A short list because each of these is a deliberate non-choice.

* **No config file.** The runtime is wired in code so the
  TypeScript compiler sees every adapter you pass and your IDE
  jumps to the definition. A `pleach.config.ts` would buy
  convention at the cost of static analysis.
* **No reserved directory.** Nothing called `.pleach/` is
  created by the runtime. Storage paths live in whichever
  adapter you wire — the deployment shape (one machine vs.
  Lambda vs. managed DB) decides the path, not the library.
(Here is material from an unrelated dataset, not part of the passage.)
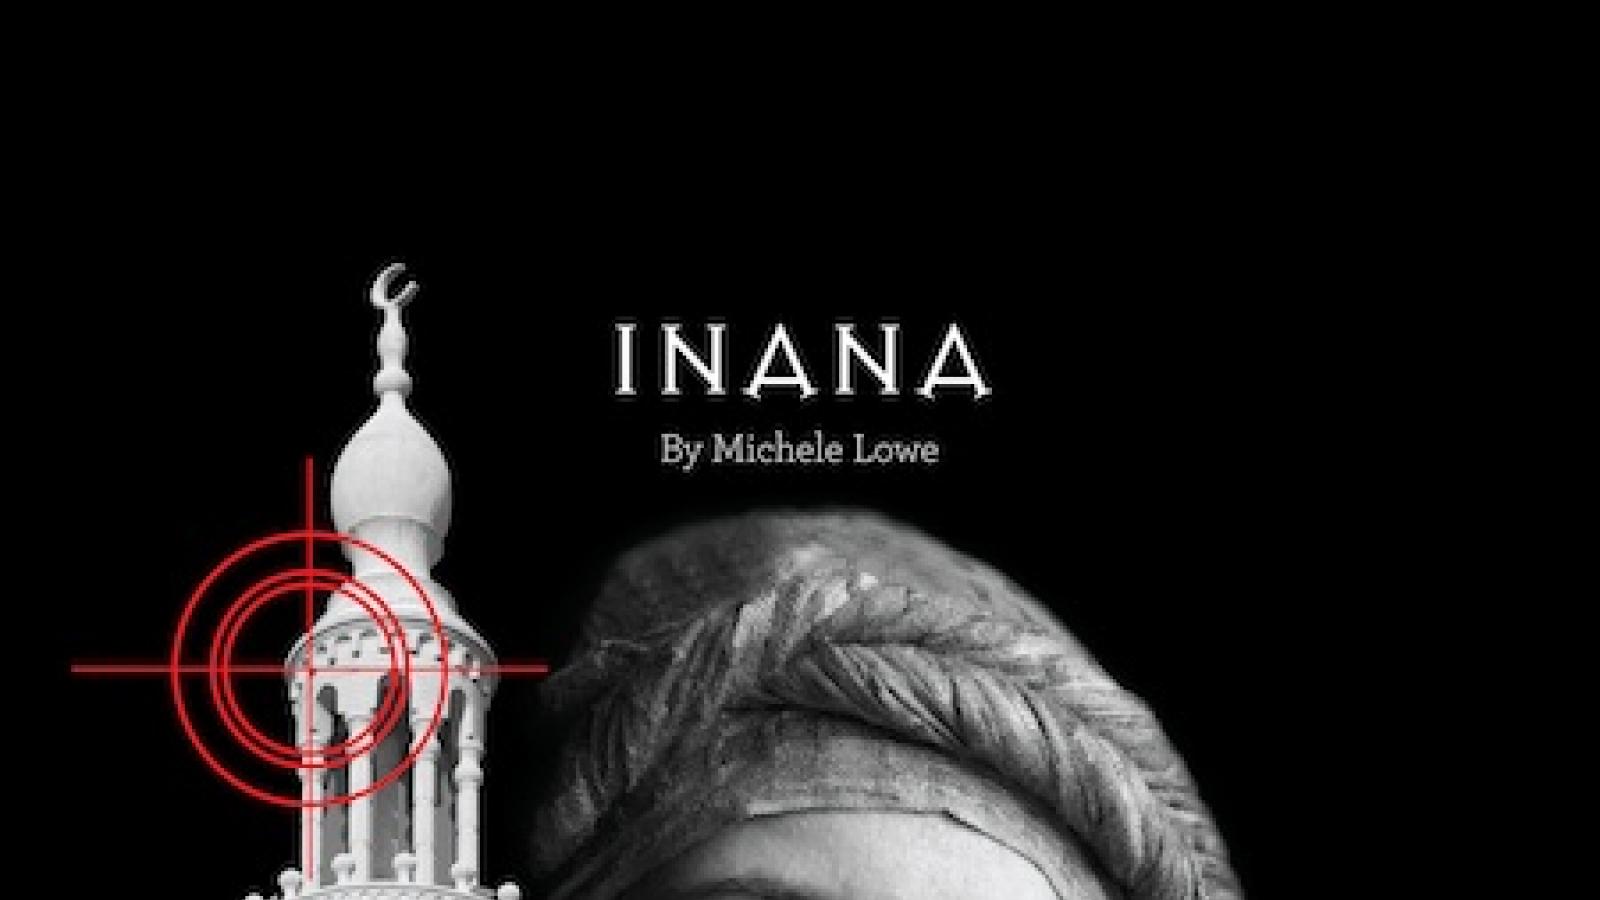 Michele Lowe's "Inana" was one of five plays in repertory during the 2010 Contemporary American Theater Festival in Shepherdstown, West Virginia. Photo courtesy CATF

* **No `agents/` folder convention.** The `agents/<specName>/`
  prefix you'll see in [Agents](/docs/agents) is an internal
  *channel-path* prefix the runtime uses to namespace agent
  state. It's a string in the runtime's address space, not a
  directory on your disk.
* **No required test layout.** [Eval and replay](/docs/eval-and-replay)
  reads recorded sessions, not test files. Put tests wherever
  your test runner finds them.

If a piece of structure isn't on this page, the runtime doesn't
have an opinion on it — and that's the contract.